The second is an independently stored ledger digest that includes hash values for auditing and verification. The ledger digest is used as an append-only log to store point-in-time hash values for a ledger database. The ledger digest can then be used to verify the integrity of the main database by comparing a ledger block ID and hash value against the actual block ID and hash value in the database. If there is a mismatch, then some type of corruption or tampering has taken place.
This second component, the ledger digest, requires Write Once Read Many (WORM) storage. PowerStore File-Level Retention (FLR) features can be configured to provide WORM storage for SQL Ledger. Additionally, PowerStore FLR can also be configured to include a data integrity check to detect write-tampering that complies with SEC rule 17a-4(f).
Automatic storage and generation of database digests is only available for Microsoft Azure Storage. For on-premises deployments of SQL Server, Dell Technologies has your back! Let’s look at how this is done with PowerStore.
PowerStore configuration
It’s time to deep dive into how to configure this capability with Dell PowerStore and how to implement SQL Ledger. First, we need to configure the basis for WORM storage on PowerStore for the digest portion of SQL Ledger. This is done by creating a file system that is configured for FLR. Due to the write-once feature, this is typically a separate dedicated system. PowerStore supports multiple file systems on the same appliance, so dedicating a separate file system to WORM is not an issue.
WORM functionality is implemented by configuring PowerStore FLR. You have the option of FLR-Enterprise (FLR-E) or FLR-Compliance (FLR-C). FLR-C is the most restrictive.
Next, configure an SMB (Server Message Block) Share for SQL Server to access the files. The settings here can be configured as needed; in this example, I am just using the defaults.
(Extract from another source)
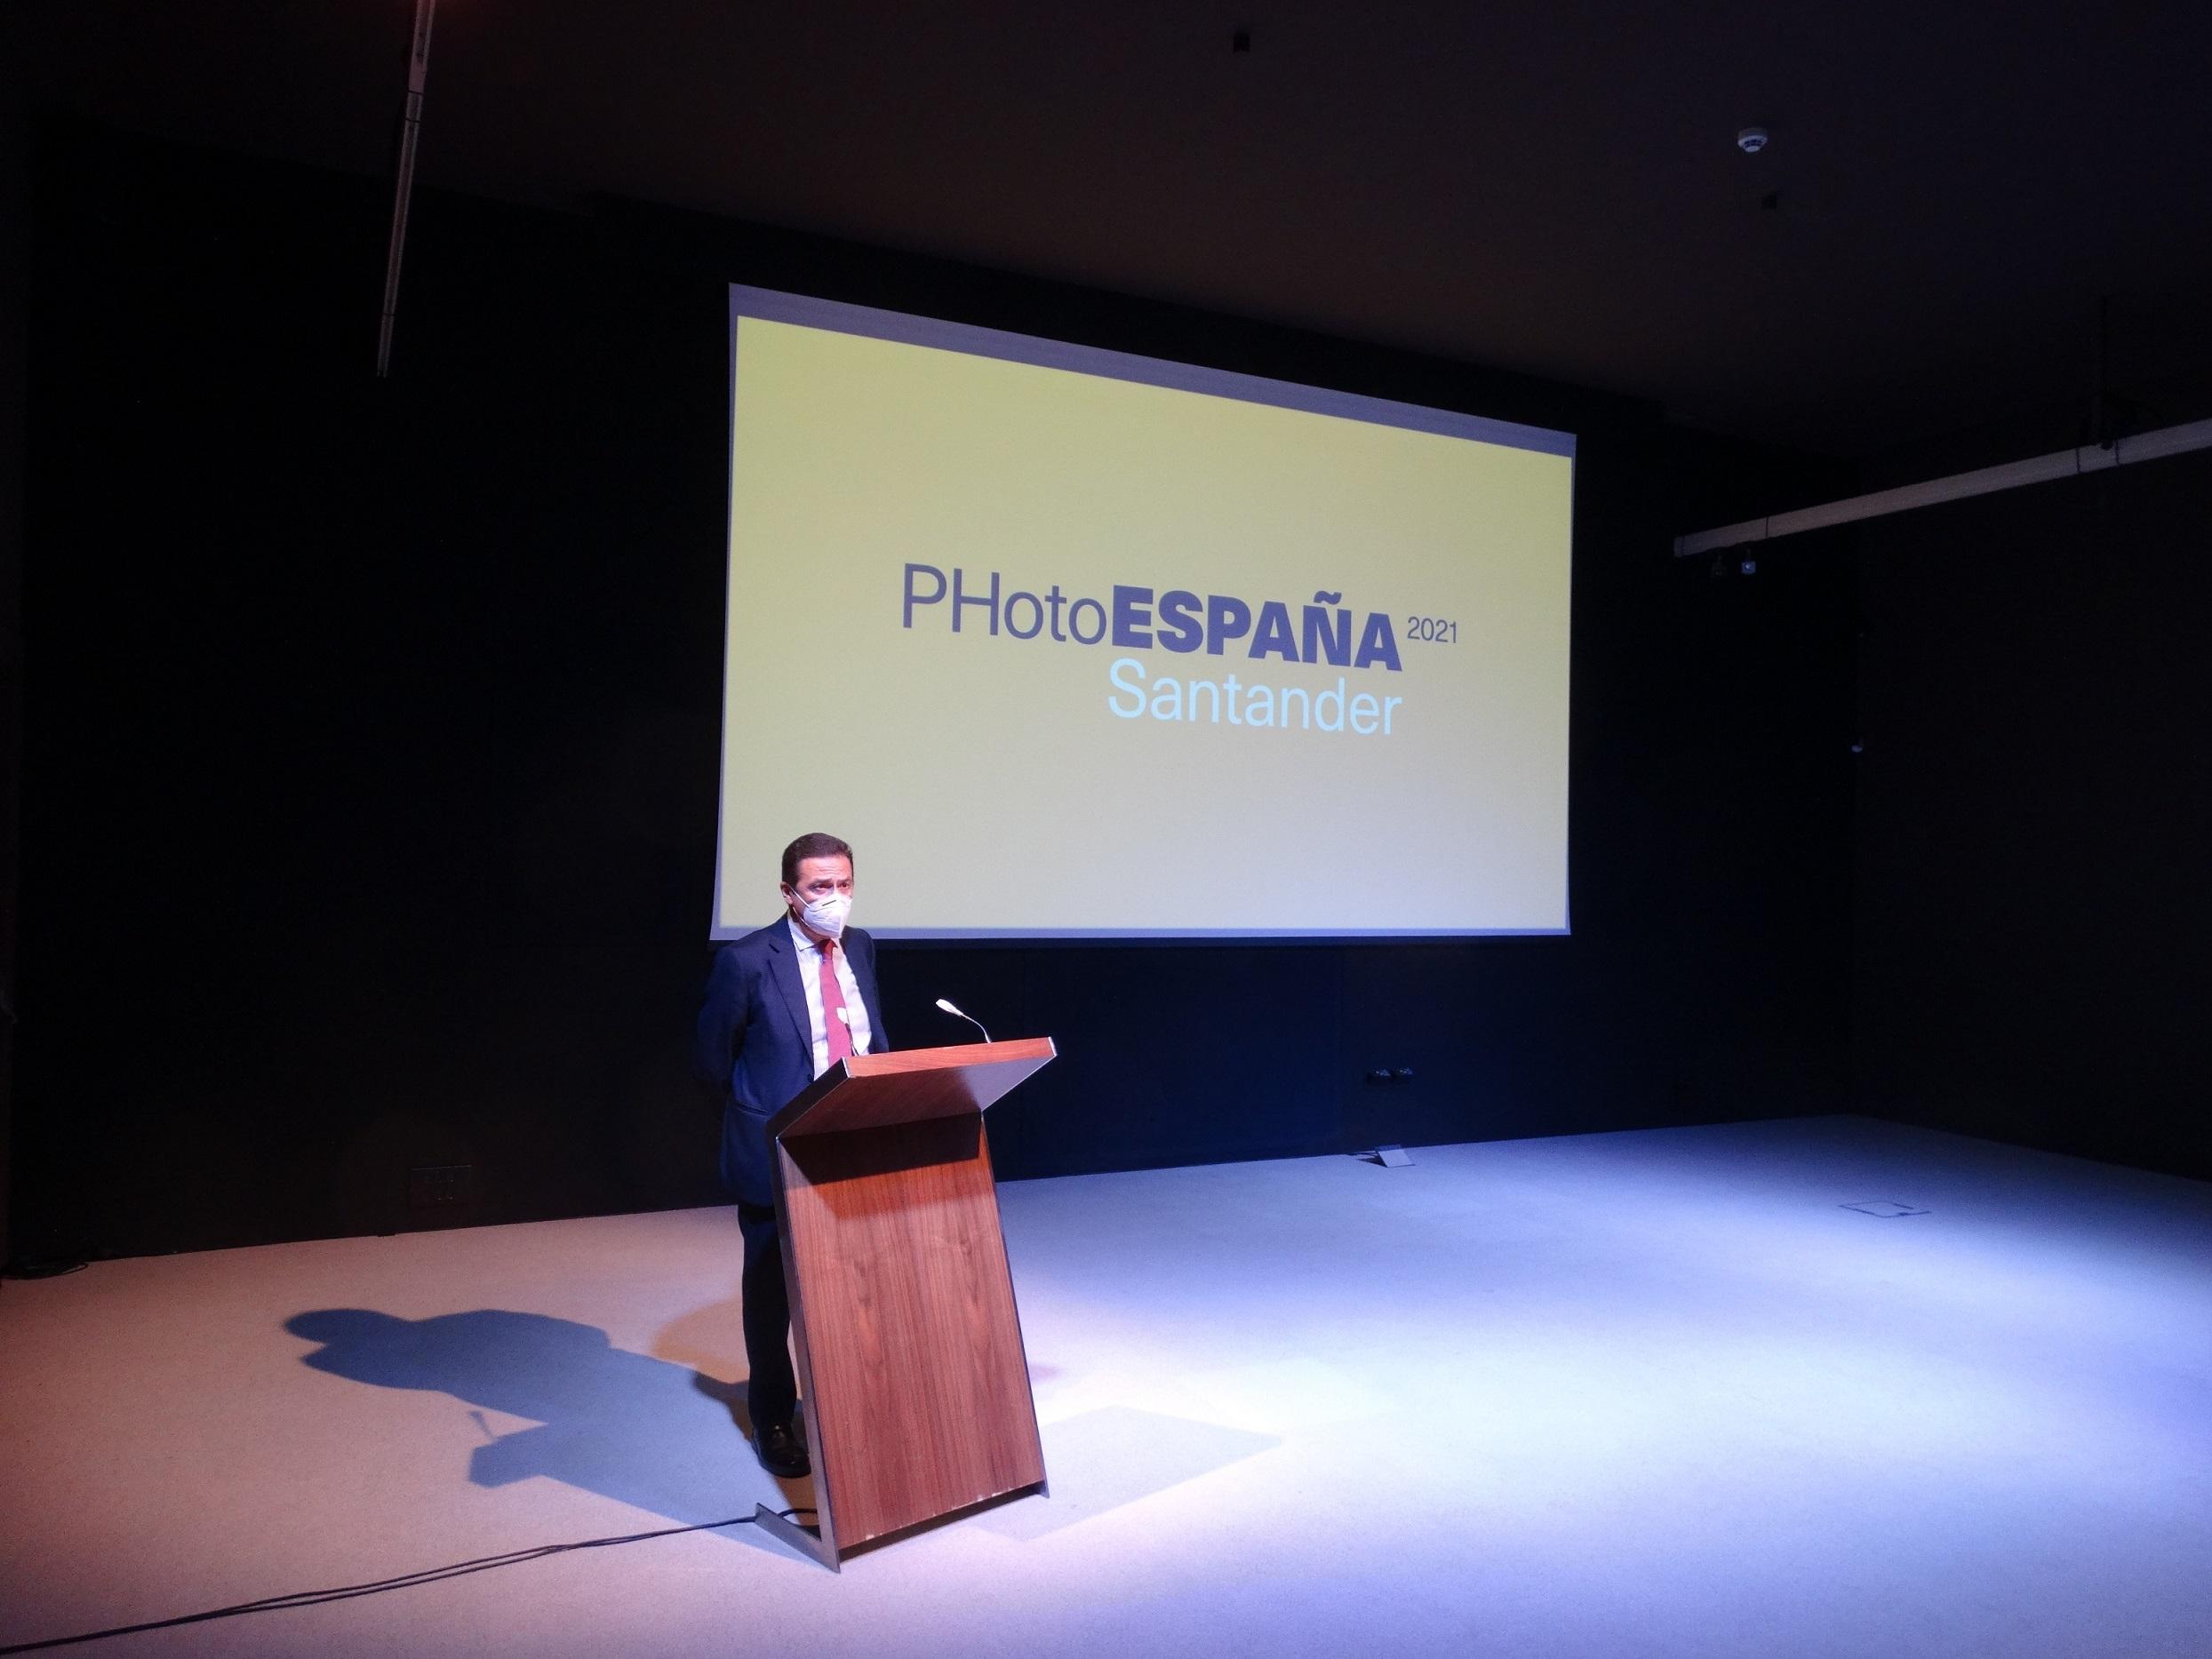 La Autoridad Portuaria de Santander acogerá en sus centros expositivos dos importantes muestras fotográficas

A best practice is to apply a protection policy. In this case, I am selecting a protection policy that has secure snapshot enabled. This will provide additional copies of the data that cannot be deleted prior to the retention period.
SQL Server database ops
Once the file system has been created, you can create a SQL Server database for ledger tables. Only ledger tables can exist in a ledger database. Therefore, it is common to create a separate database.
Database creation
The T-SQL CREATE DATABASE clause WITH LEDGER=ON indicates that it is a ledger database. Using a database name of SQLLedgerDemo, the most basic TSQL syntax would be:
CREATE DATABASE [SQLLedgerDemo] WITH LEDGER = ON
Ledger requires snapshot isolation to be enabled on the database with the following T-SQL command:
ALTER DATABASE SQLLedgerDemo SET ALLOW_SNAPSHOT_ISOLATION ON
Now that the database has been created, you can create either updatable or append-only ledger tables. These are database tables enhanced for SQL Ledger. Creating ledger tables is storage agnostic, so I am going to skip over it for brevity, but full instructions can be found in the Microsoft ledger documentation.
SQL Server ledger digest storage
The next step is to create the tamperproof database digest storage. This is where the verified block address and hash will be stored with a timestamp. The PowerStore file system that we just created will be used to fill this WORM storage device requirement. For it to operate correctly, we want to configure an append-only file. Because Windows does not have the ability to easily set this property, we can signal the PowerStore file system with FLR enabled that a file should be treated as append only.
First, create an empty file. This can be done in Windows File Explorer by right-clicking New and selecting Text Document. Next, right-click the file and select Properties. Select the Read-only attribute, click Apply, and then clear the Read-only attribute, click Apply, and then click OK.
Note: This action must be done on an empty file. It will not work once the file has been written to.
Notice that the dialog has an FLR Attributes tab. This is installed with the Dell FLR Toolkit and provides additional options not available in Windows, such as setting a file retention. Below we can also see that the FLR State of the file is set to Append-Only.
The FLR Toolkit can be downloaded from the Dell Support site. In addition to providing the ability to view the PowerStore FLR state, the FLR toolkit contains an FLR Explorer as well as additional command-line utilities.
The SQLLedgerDemo.txt file is now in the WORM state for SQL ledger digest storage: It is locked for delete and update, and can only be read or appended to.
For those of you running SQL Server on Linux, the process is the same to create the append only file. Create an empty file and then use the chmod command to remove and then reapply write permissions.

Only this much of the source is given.